I upgraded my Windows Intel 7920x computer from a NVIDIA GeForce GTX 1080 Ti to a NVIDIA GeForce RTX 2080 Ti Founders Edition purchased directly from Nvidia in late December. The 1080ti had been successfully crunching Einstein for a couple of years without incident. The Einstein WU took about 430 seconds to execute on the 1080ti. The new 2080ti board runs all other BOINC programs except the Einstein GPU WU. I did not notice the failures and foolishly MERGED the machine around the first of January.

The Windows failure mode is the same for each Einstein GPU WU.

The Windows BOINC WU starts up, but after 20 to 30 seconds, the Windows screen goes blank/black for a second, Windows continues to run with the restarted driver and BOINC reports the Einstein WU with a "bridge_fft_clfft.c:948: clFinish failed. status=-36" ERROR.

GPUZ indicates the GPU LOAD is near zero during the timeout. GPU Temperature is in the 60 degree range. GPU and CPU appear to be idling.
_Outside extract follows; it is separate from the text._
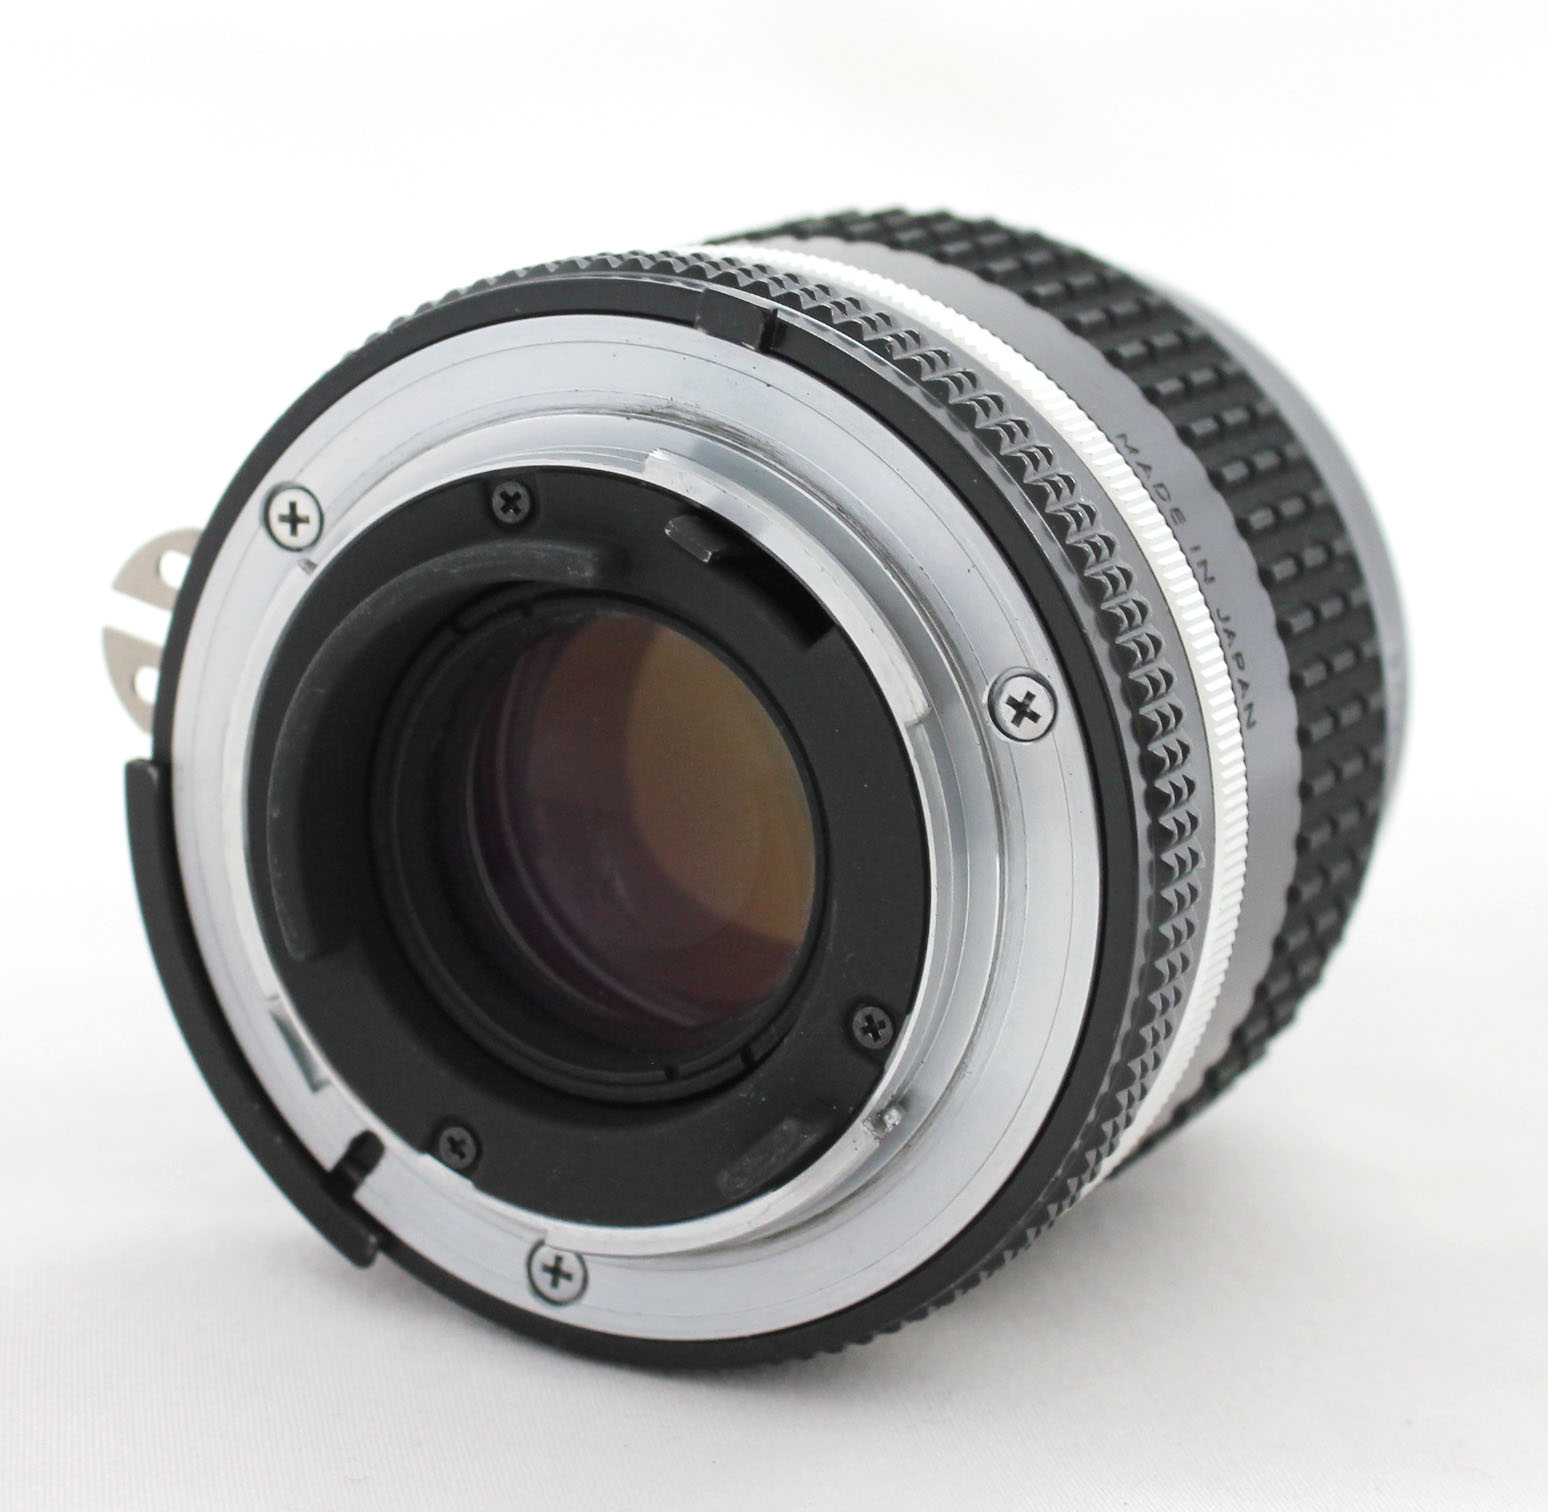 Nikon Ai-s Ais Nikkor 35mm F/2 Wide Angle MF Lens S/N32* SIC Version with Hood HN-3 from Japan Photo 1

1. Is anyone with Turing successfully crunching the GPU WU? Especially Windows 2080ti?

2. The OpenCL error -36 is described as a "Compile-time Error (driver-independent)". It seems like an error described as a driver-independent error "command_queue is not a valid command-queue" would be an Einstein app error.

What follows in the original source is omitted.